NPM proxied hosts not accessible until I access the NPM management interface

  • I'm facing a weird intermittent issue. From time to time, NPM's proxied hosts appear to be offline when accessed via their corresponding NPM URLs. Interestingly, NPM itself remains accessible during this time and typically I can regain access to the proxied hosts by visiting the admin interface URL linked to the NPM container through NPM. It's like the proxy goes to sleep for the hosts but not for its own url? Not sure what's going on or how to pin down the cause so suggestions are appreciated. At first I thought it was the drive spindown but docker data it's stored in an SSD that has all power management disabled. OMV installation drive doesn't have any power management enabled either. Does docker put containers to sleep by default? Every host proxied by NPM is a docker container as well. I can ssh in to OMV during this time too so there doesn't seem to be any downtime, it's like an NPM related issue somehow.

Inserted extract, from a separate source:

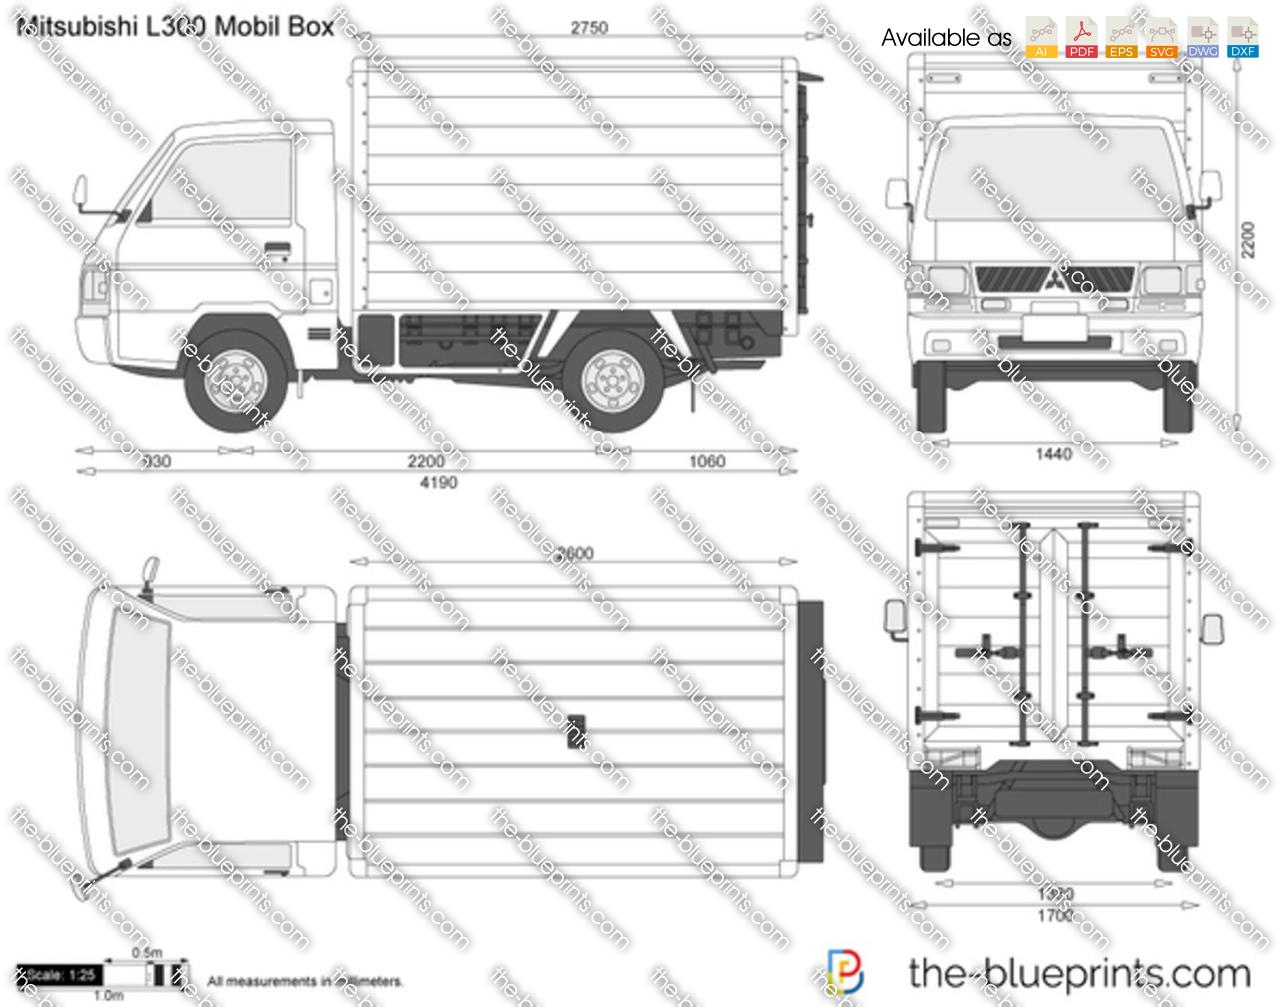 Mitsubishi L300 Mobil Box 1987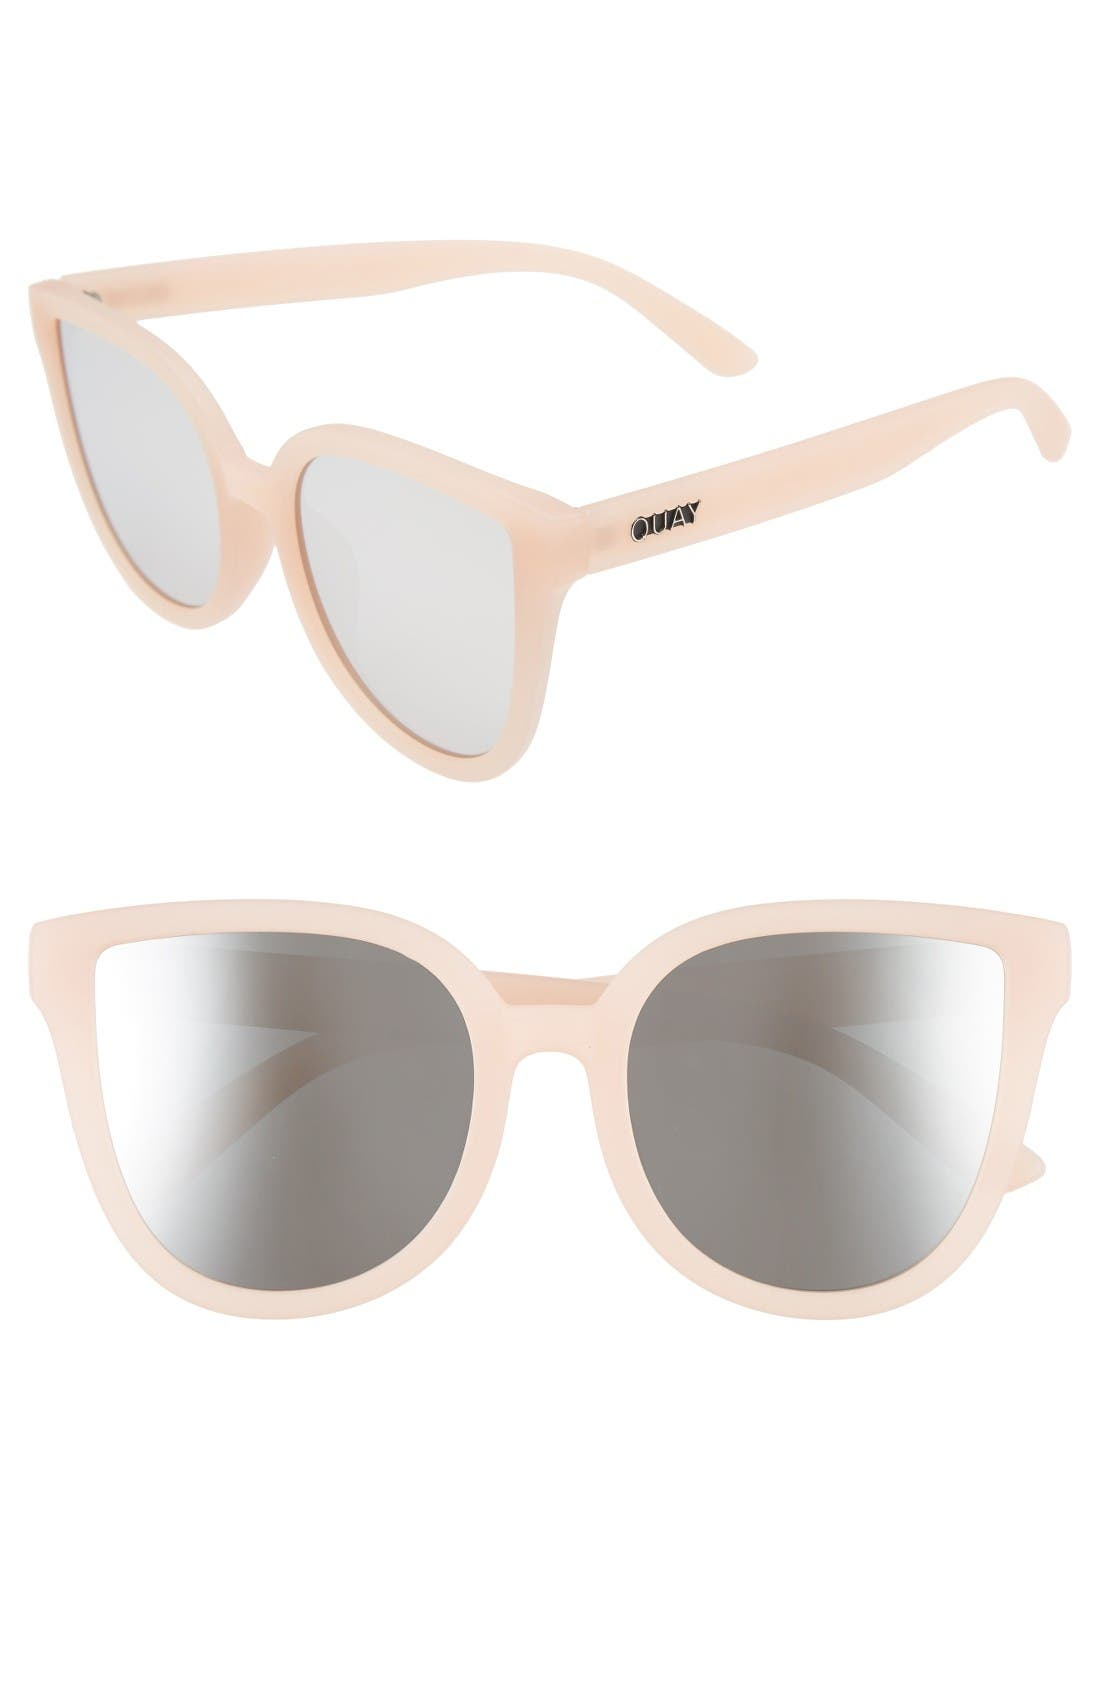 Alternate Image 1 Selected - Quay Australia Paradiso 52mm Cat Eye Sunglasses

  • Does this happen from outside your LAN or inside?


    If it only happens from the inside, I'd suspect you are not running a local DNS server like pihole or dnsmasq that points access to those domain names to NPM and therefore you desktop machine is looking to the internet for DNS name resolution, but "hairpinning" is not supported by your ISP's equipment, which is typical. Hairpinning is basically reflecting the traffic back to the origin, so a DNS resolution pointing to your public ip allows traffic to "bounce" off of their equipment and back to you.


    Depending on the equipment you have, you can sometimes set up local DNS in your router, but if not pihole or dnsmasq can do it easily by setting the DNS server in your router to point to them instead of your ISP's dns server, and then you configure them to resolve your local addresses but pass anything they don't have an entry for on to your ISP's servers and/or google, and/or clouflare, and/or ....


    The alternatives to pihole or dnsmasq are a full fledged dns server like bind9 or unbound, or editing your hosts file. Host file edits will work on a computer but not a phone, and the full fledged dns servers are a lot more complicated to set up, so I would recommend pihole or dnsmasq. Pihole can also block some malicious ad sites and if required act as a dhcp server, enabling the dhcp server does require disabling the one in your router as there can only be one dhcp server on a network.

  • Does this happen from outside your LAN or inside?

    I guess I should've offered more details. All access is done from inside the network, no external access is enabled. NPM urls are basic duckdns urls pointing to my containers in the same machine. I'm not running a local dns, as I understood NPM is enough for my use case and it is since it does proxy to the right services using the URLs I have set for them in NPM but it stops from time to time and that's the issue. Sometimes it can take days for the issue to happen but it does happen (with no server downtime). Does your diagnosis still apply? Setting up dnsmasq sounds like overkill when I already have npm which is (?) enough. Not that experienced with reverse proxies though let alone dns servers so any suggestions are appreciated.

  • The idea still stands.


    When you enter a URL in a browser, your computer or devices queries a dns server to find out what the actual IP address is. With no dns servicing your LAN, the browser relies on the dns cache in your computer or router, but a cache is not permanent. Once a URL to ip resolution calls out of the cache, there is nothing left to point to the ip address so another lookup is performed. If the only dns server found is out on the internet then that is where the query is sent and since the internet dns servers can only resolve as far as you public ip but know nothing about your lan, there is nothing available to fill that request. You should always be able to access them on your lan using the ip and port, but some services will not work right, such as nextcloud or vaultwarden since nextcloud uses the domain for authorized acces and share link creation and vault warden required ssl certificates.


    If you don’t want to run Pihole or dnsmasq and direct your devices to use it as the dns server, the only other option is a hosts file edit on things that allow it.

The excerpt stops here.